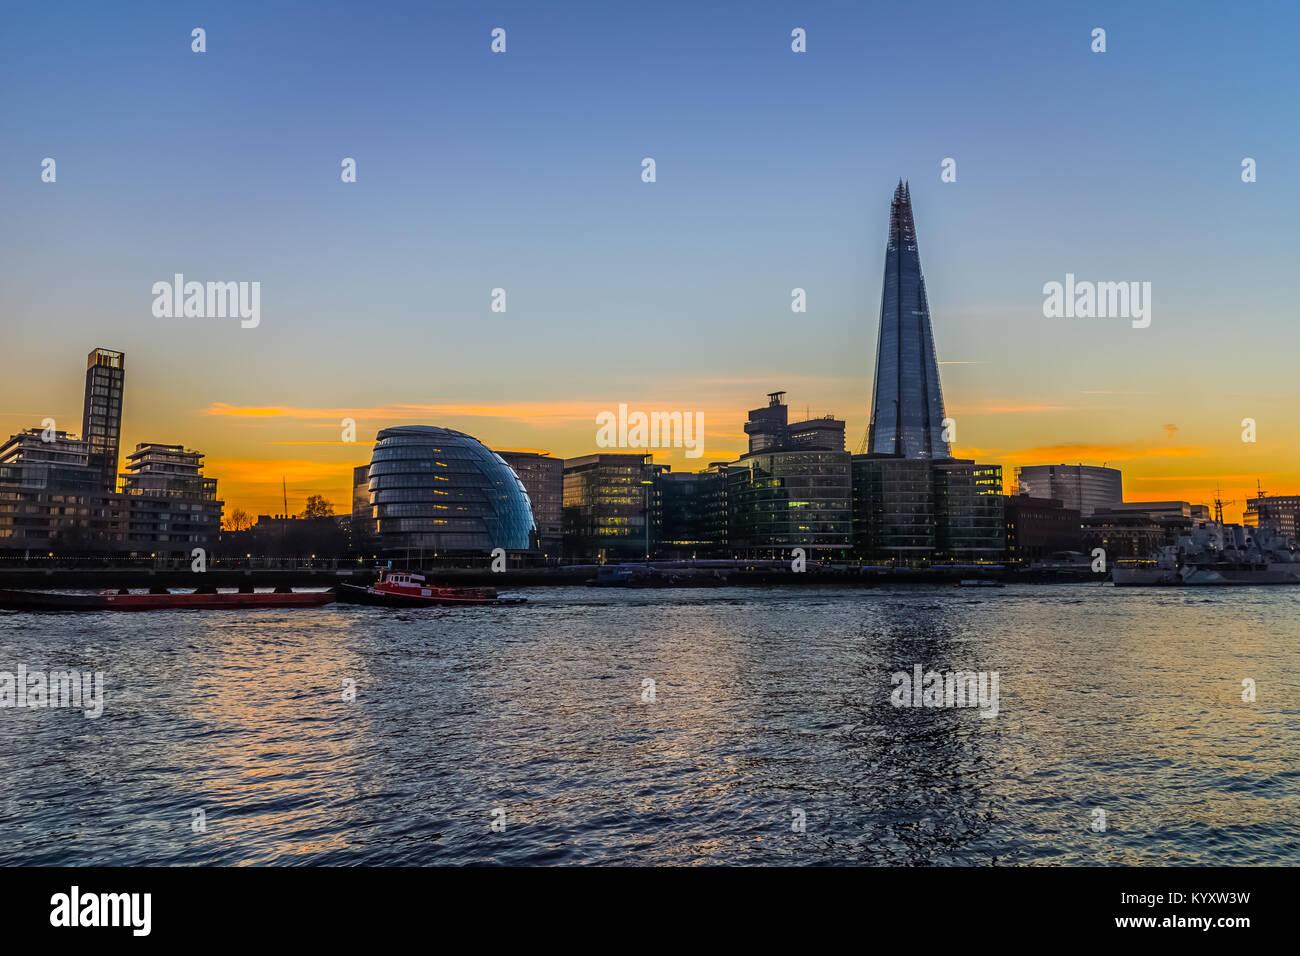 City Hall, Embankment / River Thames, London Stock Photo
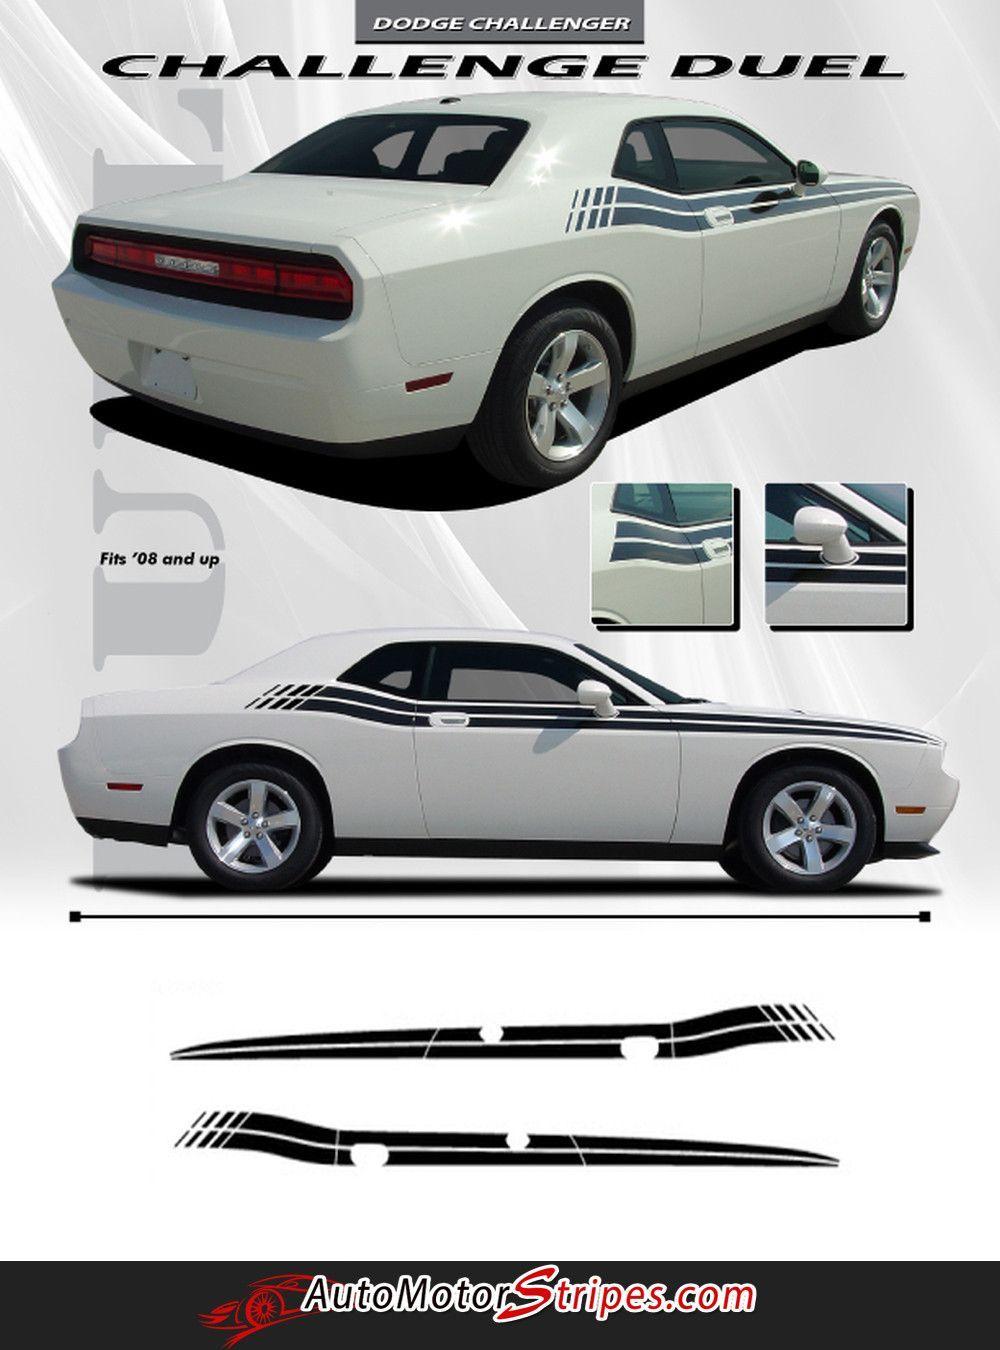 2018 2019 Dodge Challenger Dual Strobe Side Body 3M Vinyl Stripe Graphic Decal
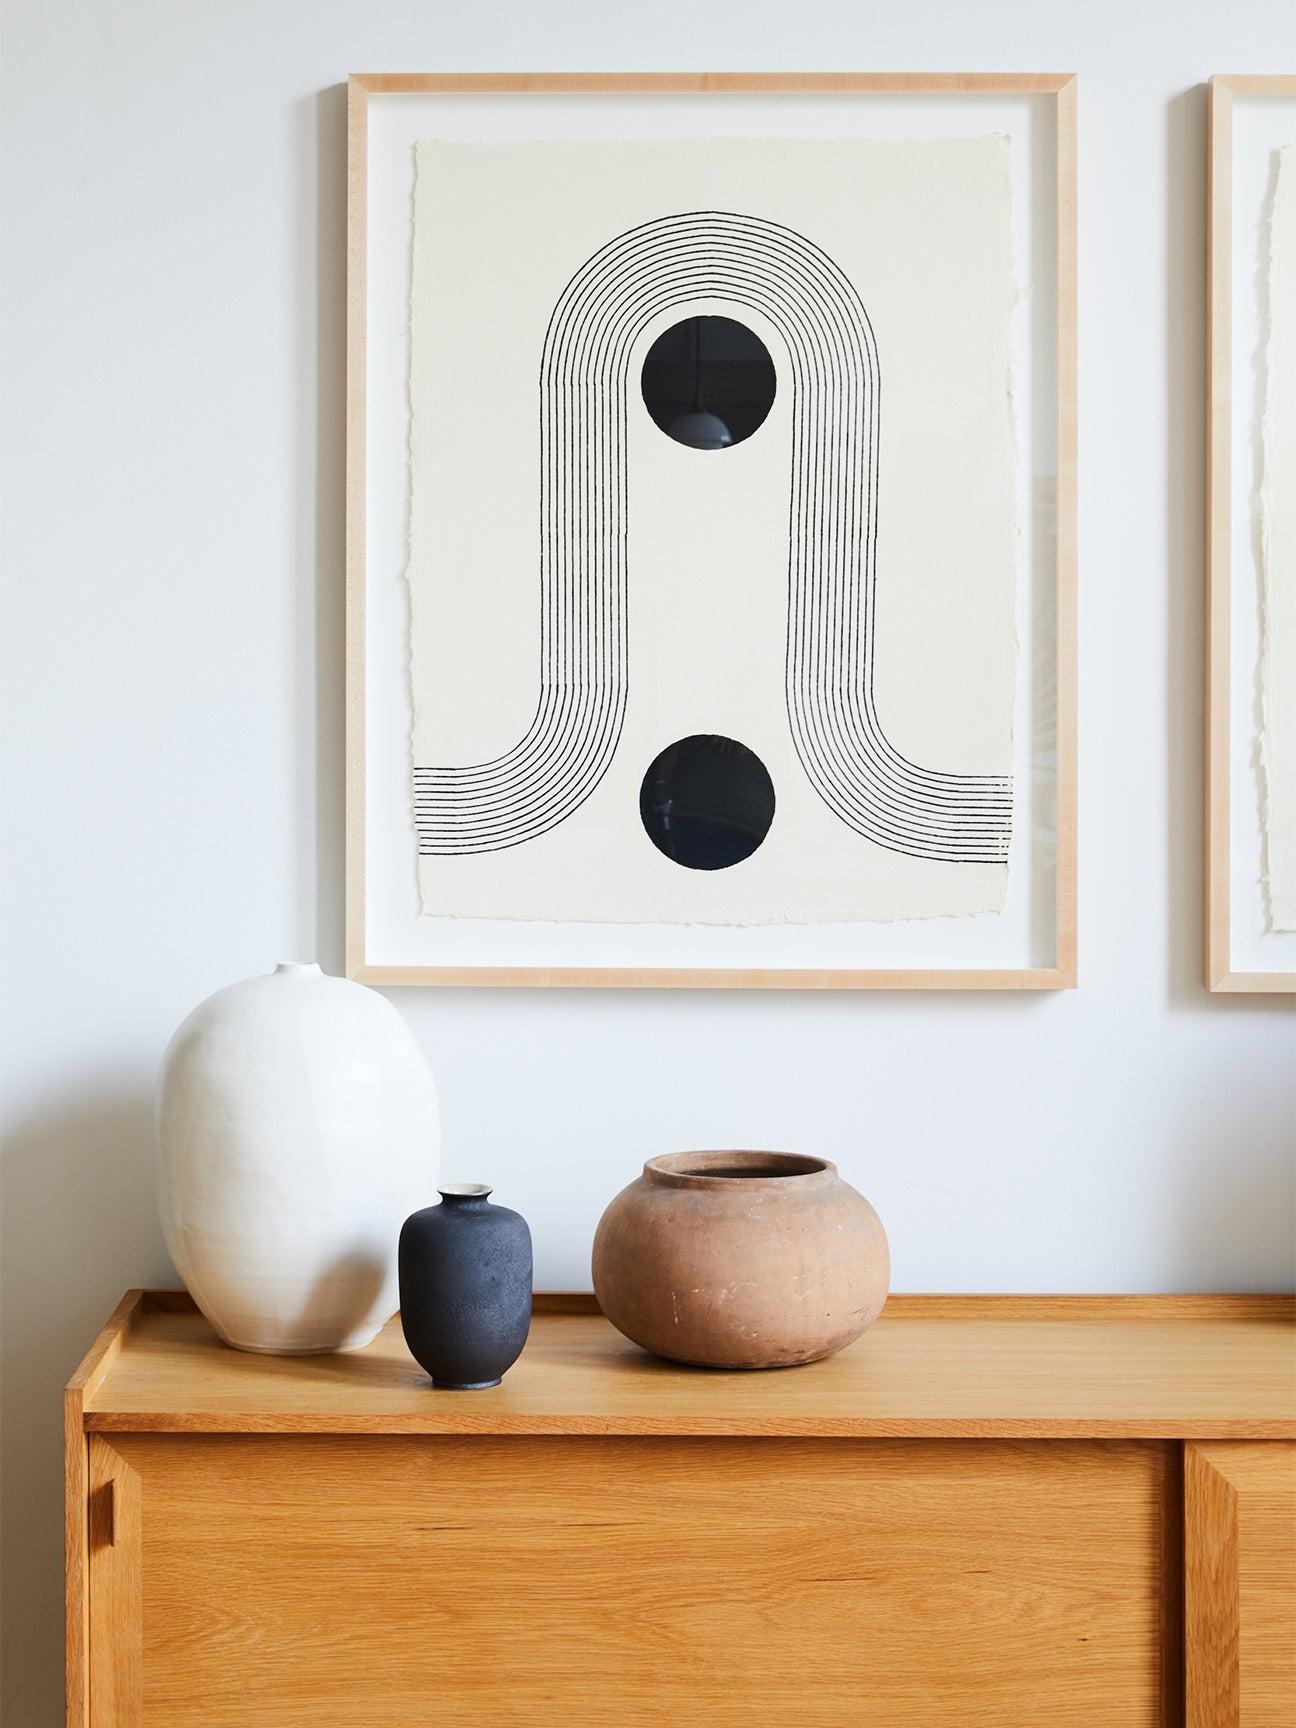 dresser with vases
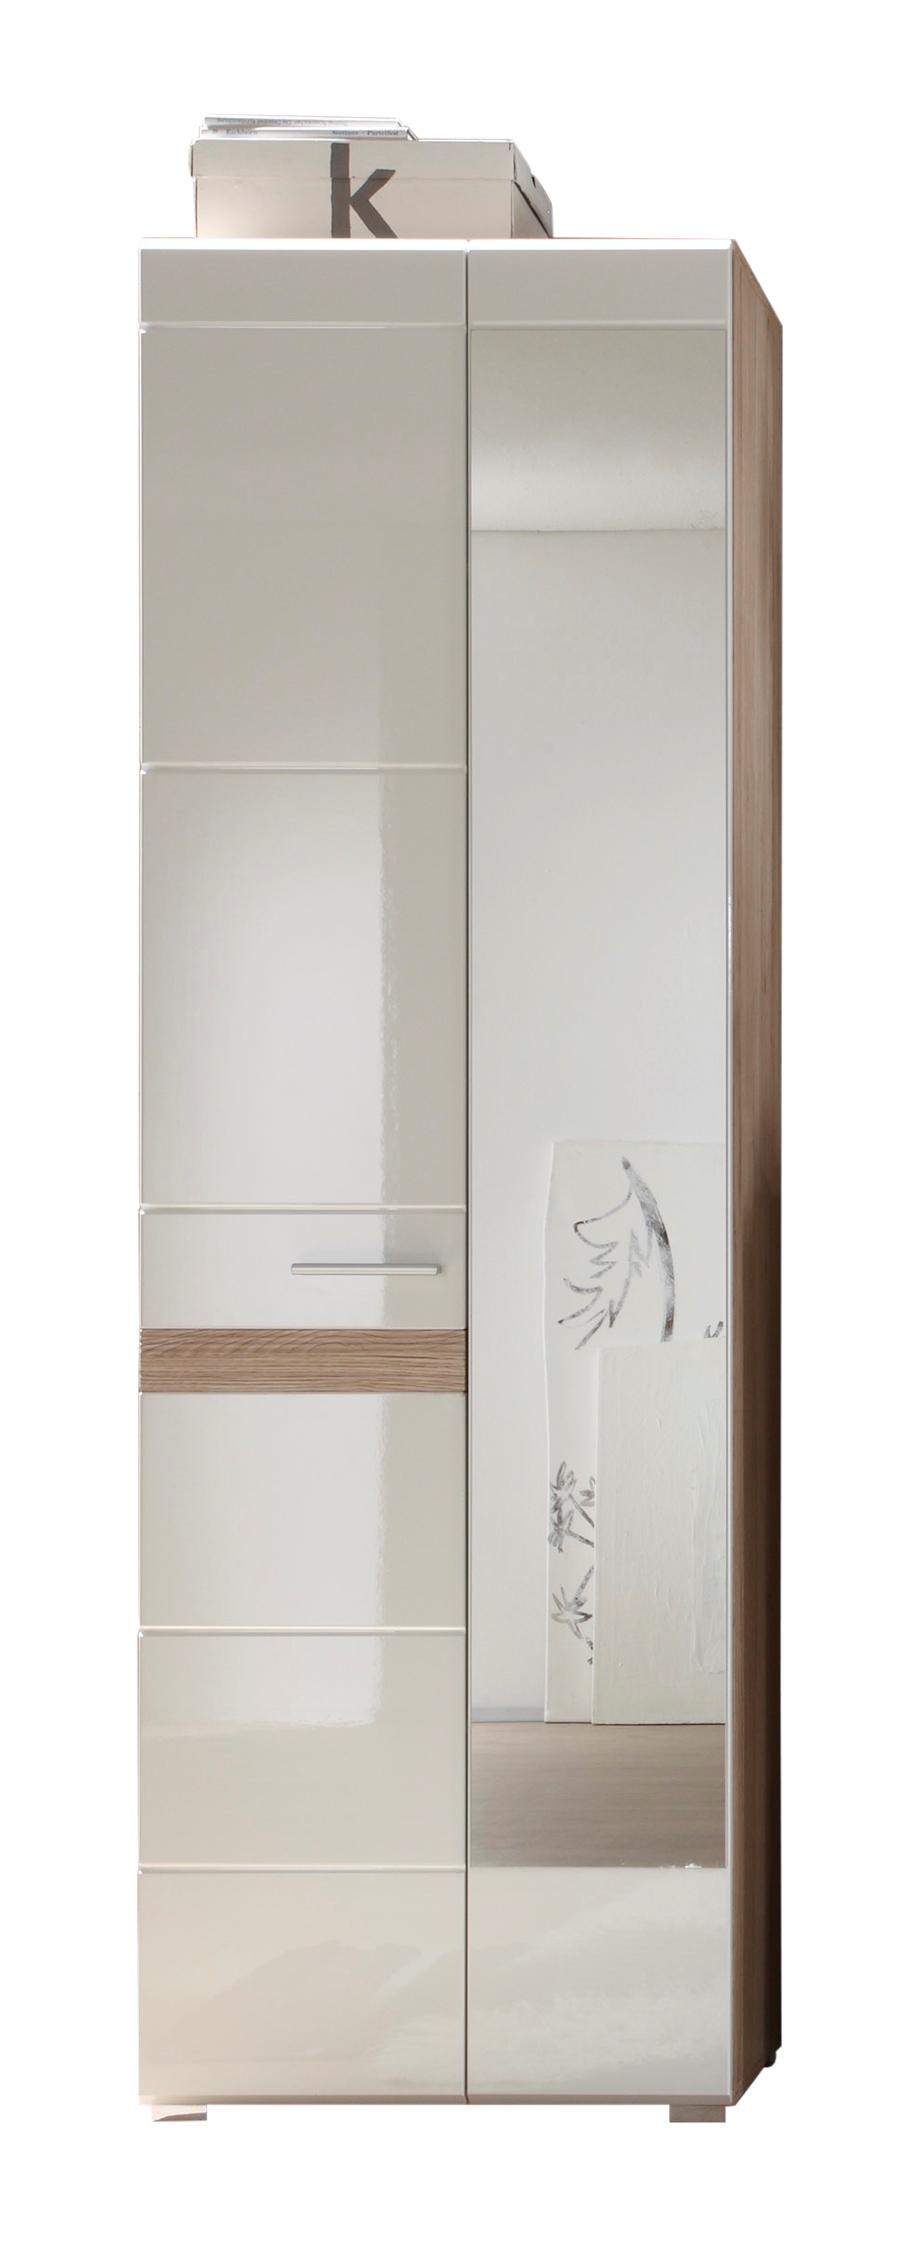 Garderobenschrank Alexia 2-türig Weiß

**EXERCISE**: This task calls for an exact copy of the data above, without pictures.

**RESPONSE BOX**:
 City Hall, Embankment / River Thames, London Stock Photo
 2018 2019 Dodge Challenger Dual Strobe Side Body 3M Vinyl Stripe Graphic Decal
 dresser with vases
 Garderobenschrank Alexia 2-türig Weiß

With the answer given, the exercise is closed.